2>, because glioma cells are often accompanied by large chromosomal aberrations, we use the data of gene expression of each cell in large chromosome regions to evaluate CNVs, and then verify CNV by exon sequencing and DNA FISH. The results of using gene expression and CNV to classify cells were consistent, and 5097 malignant cells were defined.

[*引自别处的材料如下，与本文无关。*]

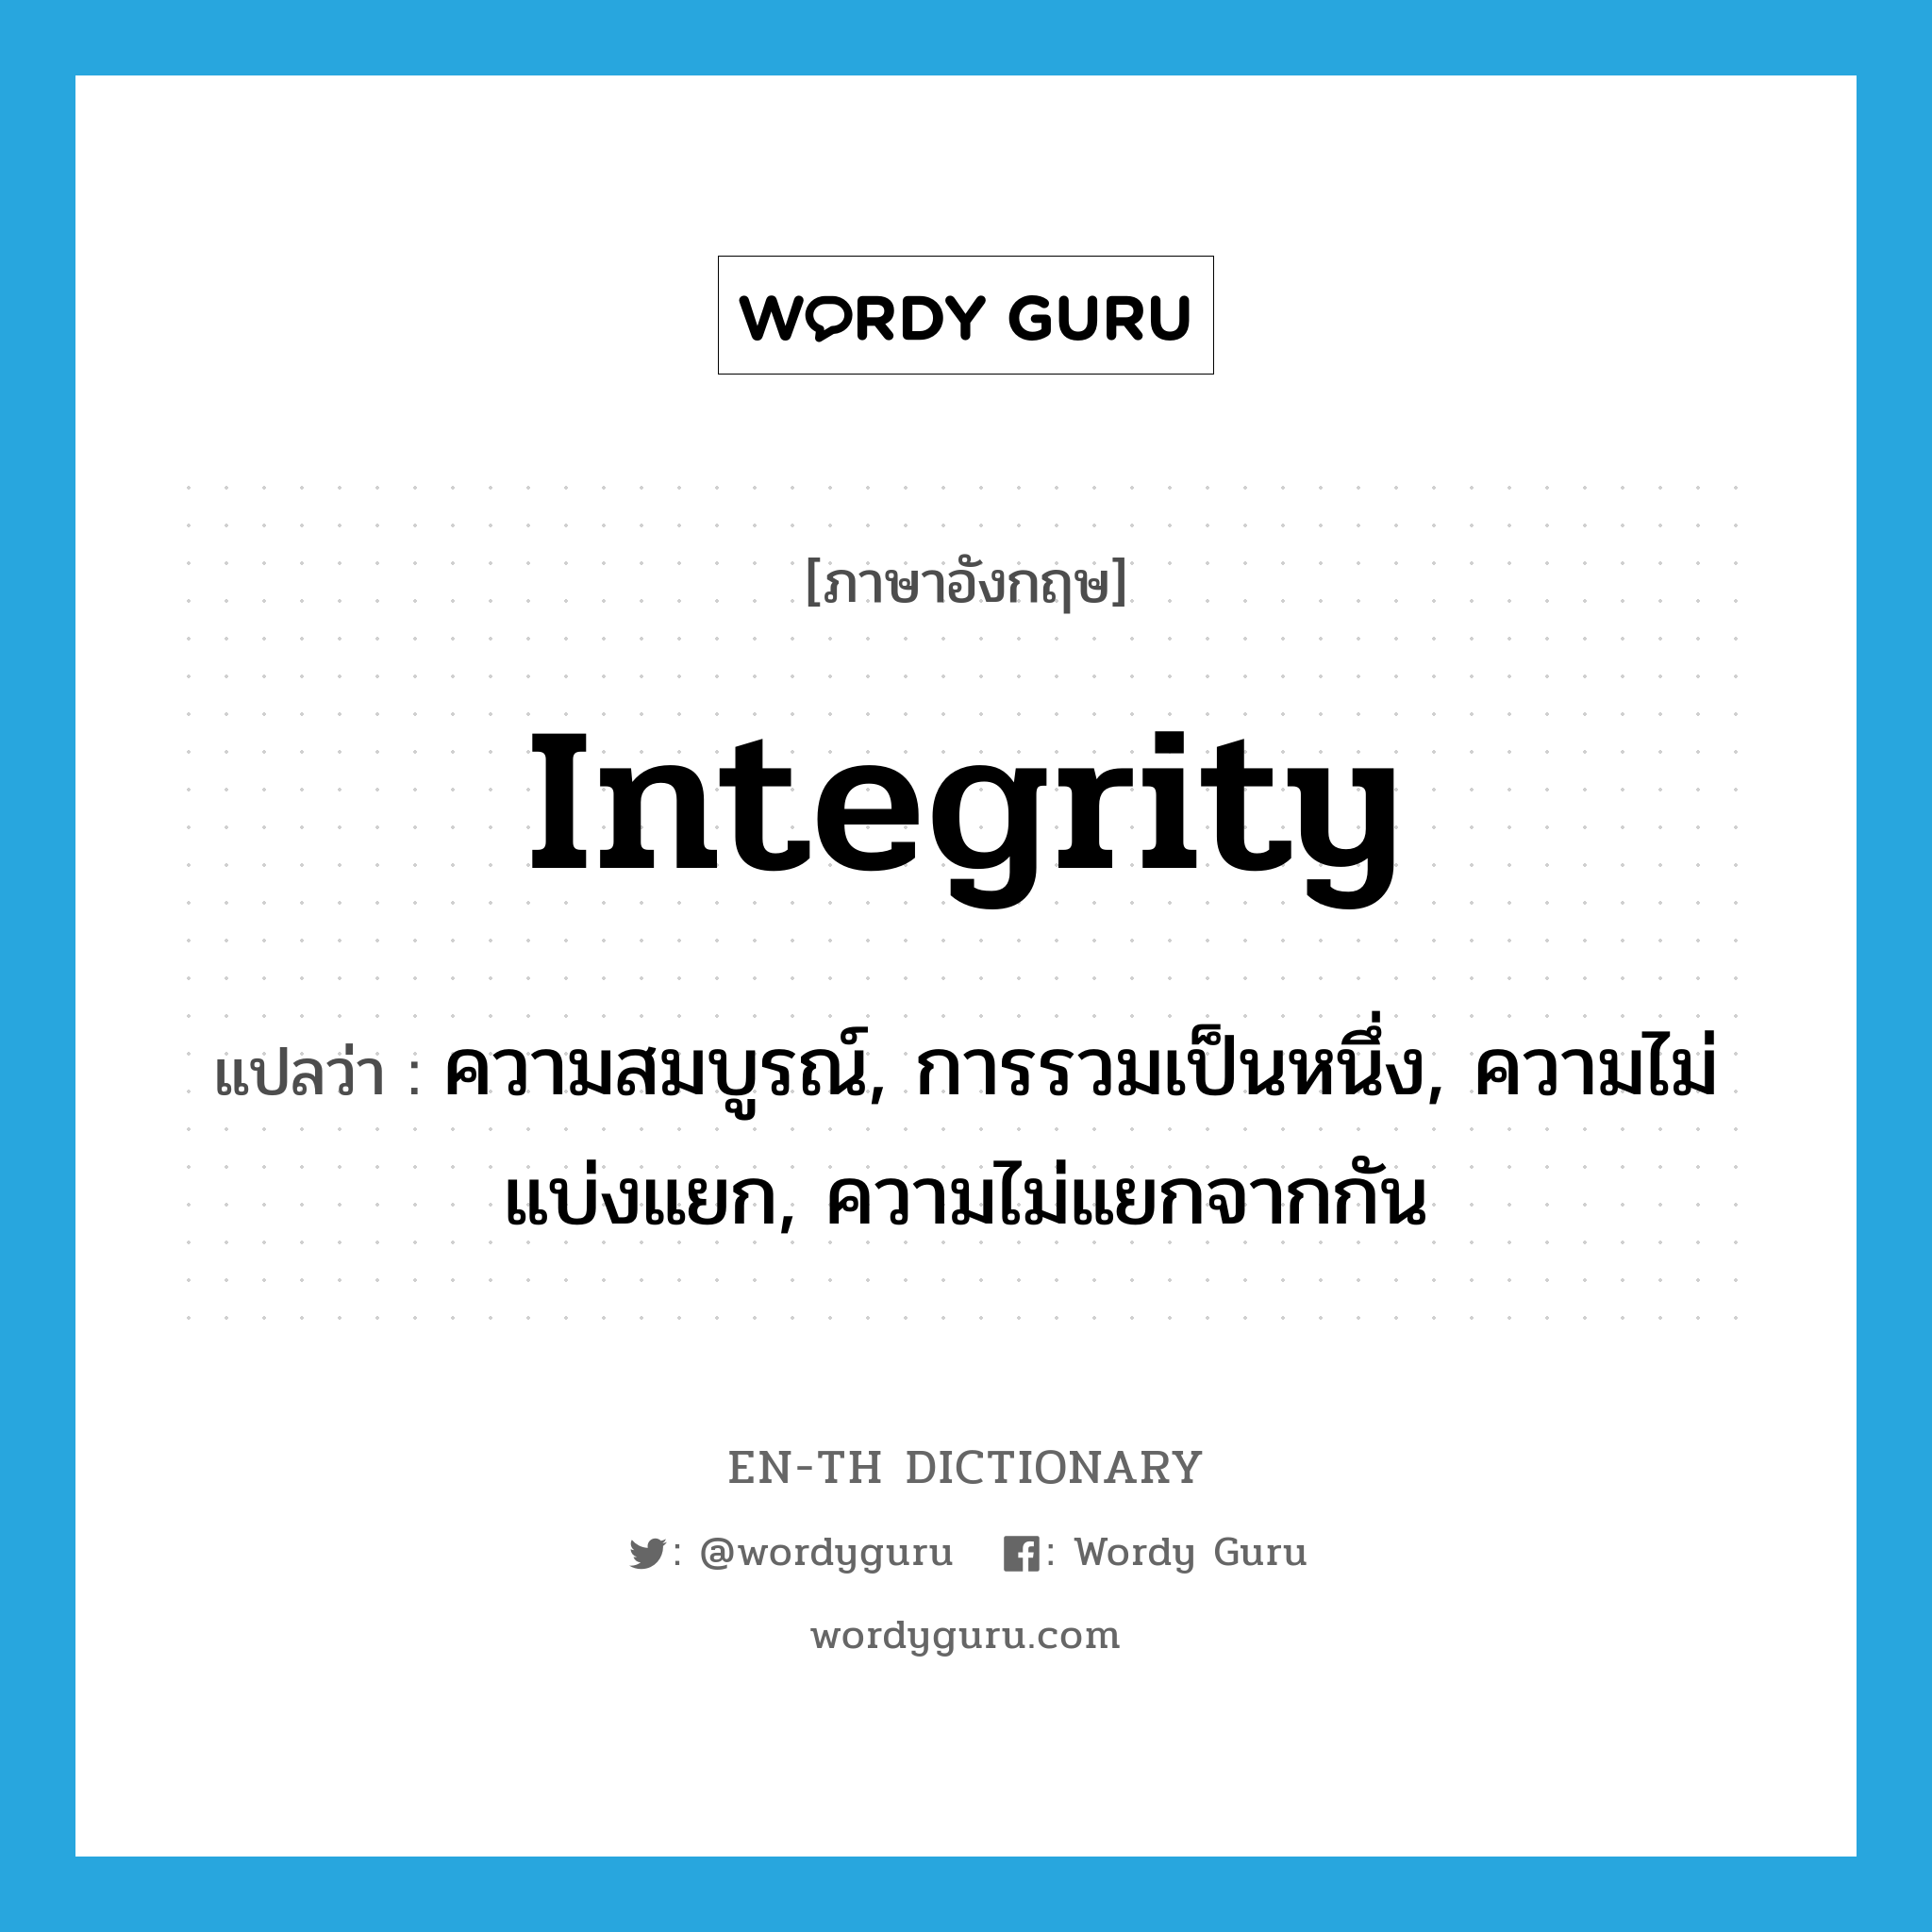 ความสมบูรณ์, การรวมเป็นหนึ่ง, ความไม่แบ่งแยก, ความไม่แยกจากกัน ภาษาอังกฤษ?, คำศัพท์ภาษาอังกฤษ ความสมบูรณ์, การรวมเป็นหนึ่ง, ความไม่แบ่งแยก, ความไม่แยกจากกัน แปลว่า integrity ประเภท N หมวด N

Next, we compare the data of single cell sequencing with the data from a large number of cell RNA-seq data downloaded by ATCG. We find the difference of gene expression between two kinds of tumor subsets and analyze the characteristic genes of subpopulations.
Differences in gene expression caused by IDH-A and IDH-O because of tumor microenvironment and genetics
Half of the genes were not different in single cell sequencing, and there were differences in a large number of cell sequencing, indicating that half of the differential genes were caused by non malignant cells. The genes of immune and neurogenes as non malignant cells are some of the interfering factors.
The difference IDH-A and IDH-O gene expression in malignant cells mainly derived from the genome.
The results based on the transcriptional group are mainly caused by the variation of 4 genomes, which are 1p/19q, CIC activated genes, CIC suppressed genes and P53 target genes.
The characteristic genes of different tumor subtypes have 4 types of genetic influence
Single cell sequencing showed that IDH-A and IDH-O shared glial lineage
Previous research showed that IDH-A and IDH-O are star and oligodendrocytes. The difference genes between IDH-A and IDH-O glial cells were very few through the analysis of characteristic genes and PCA. Their difference is mainly due to the difference between genetics and tumor microenvironment, but not the difference of glial cells.